The second model we built still utilizes Cross’ S0, but now we take advantage of the Volz–Miller framework to adjust the contact structure to get a better fit model. We do so by letting the model fit r, and observe that the resulting best-fit has smaller error than the SIR models we have presented. Interestingly, the best-fit values of r = 0.832 and ω = 1.276 imply the population is much more sparsely connected than strong-mixing would imply.

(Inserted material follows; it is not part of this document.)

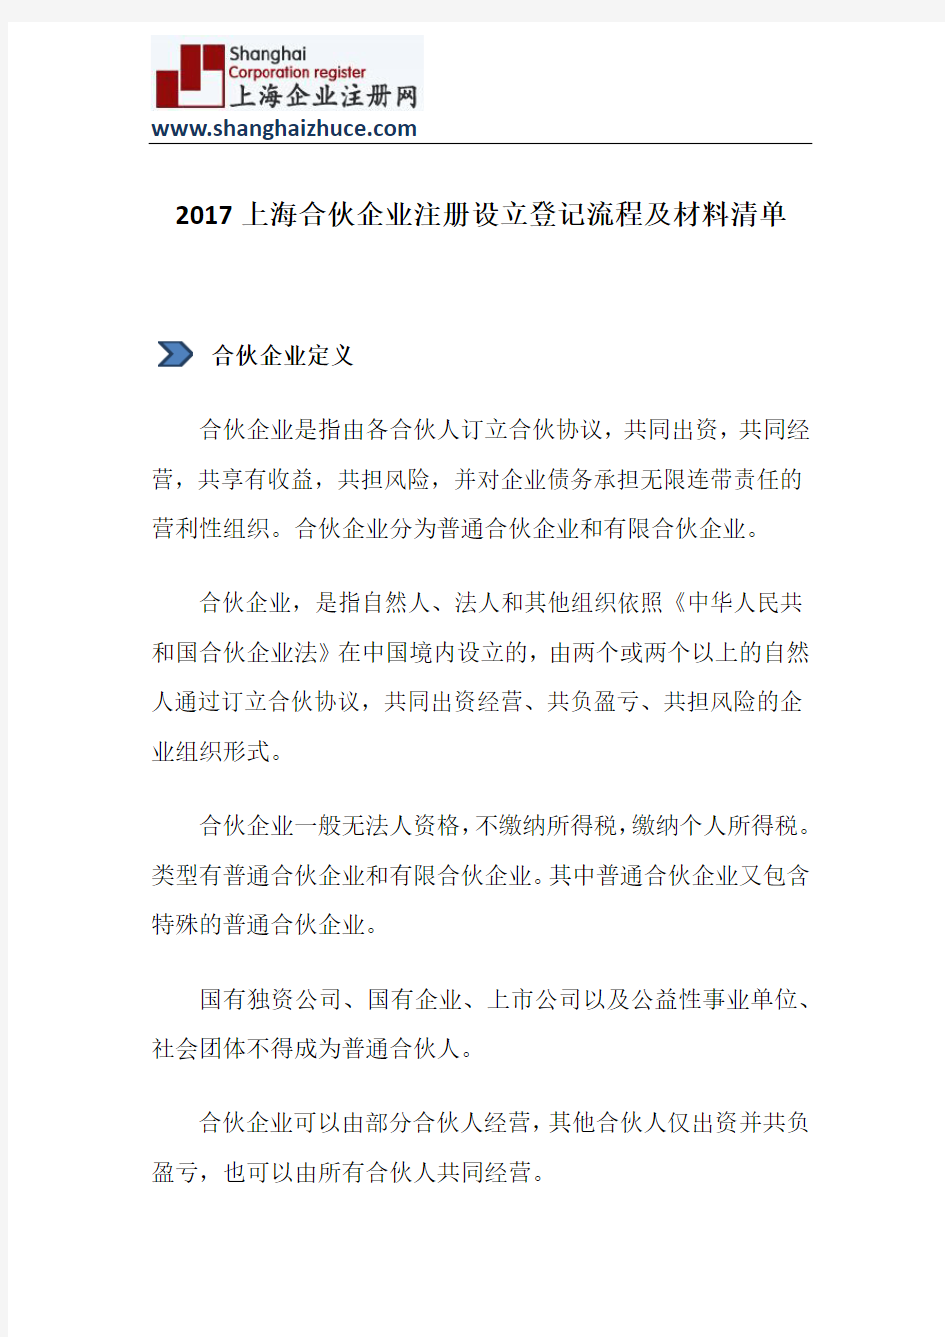 2017上海合伙企业注册设立登记流程及材料清单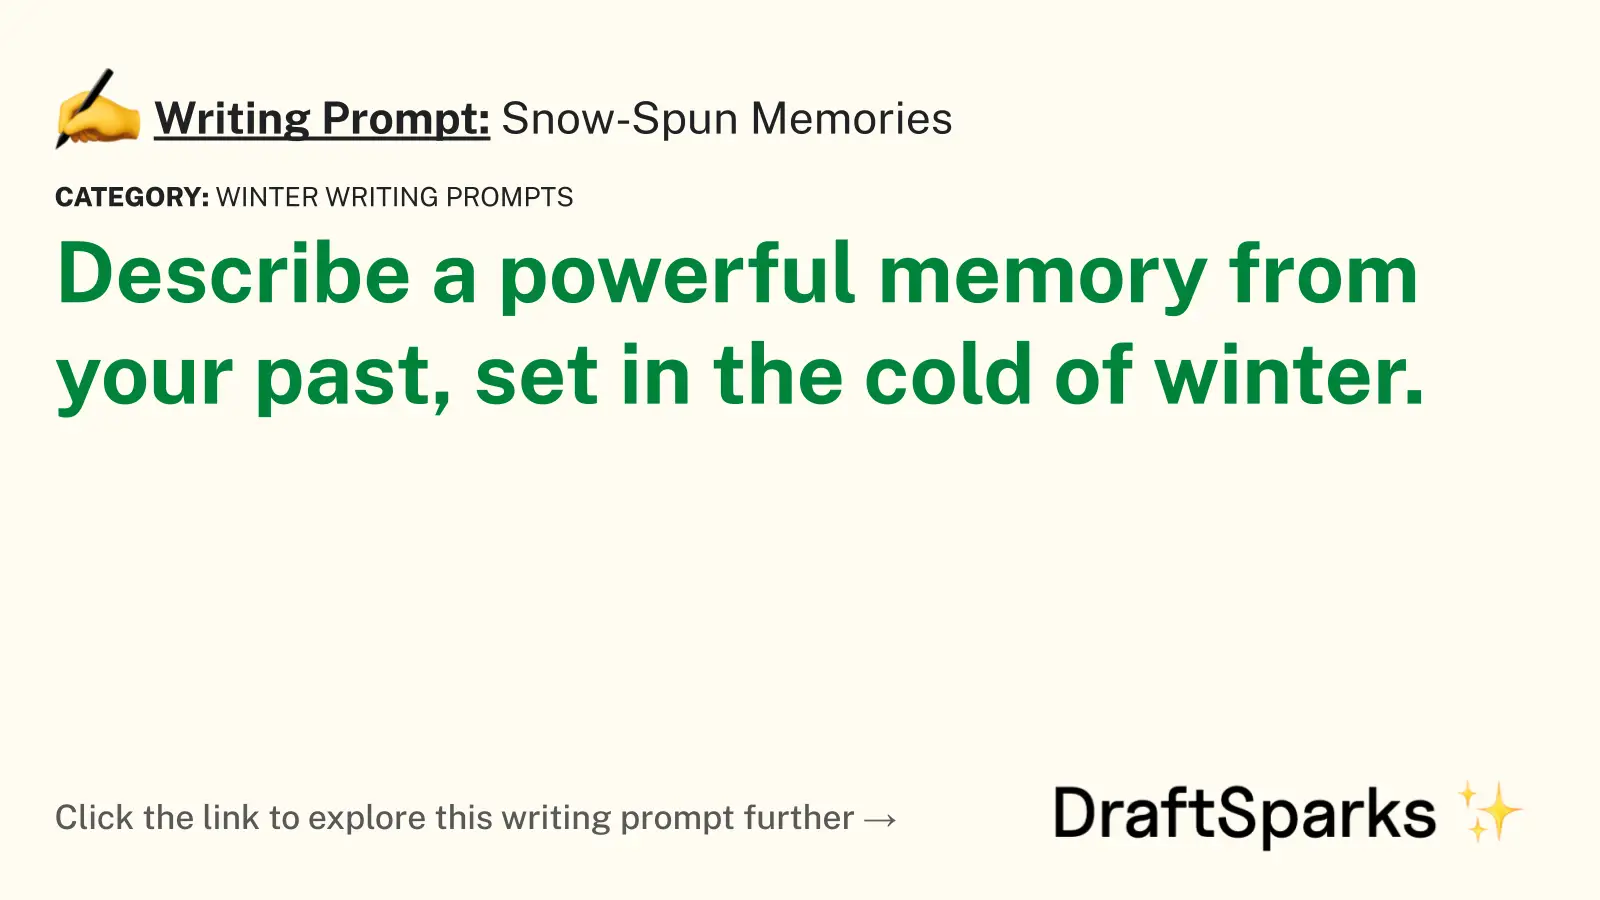 Snow-Spun Memories

For the third model, we again open to question Cross’ estimation of S0, but contrary to the reduction which the second SIR model made, S0 = 13, 871 with r = 0.691 and ω = 1.74. This model is a slight improvement, roughly a hundredth of a death, over the previous model, while S0 is only 4% larger than Cross’ estimation. Unlike the SIR model, where we must believe our inference from Cross’ account wrong to get a better fit model, the Volz–Miller framework reinforces this estimate as being accurate, if only a slight underestimation, with the contact structure of Norwich being much sparser than well-mixing assumes.

Comparing the residuals in Figs 3 with 4, we observe the structure of the SIR with best-fit S0 is similar to the residuals of the two best-fit VM models. This suggests that what the Volz–Miller framework accomplishes in reducing the contact rate by considering a sparser contact structure is similar to reducing S0 in SIR, which in effect reduces the contact rate as well. These VM models ultimately perform better than the SIR because they are more able to match the asymmetry in the data.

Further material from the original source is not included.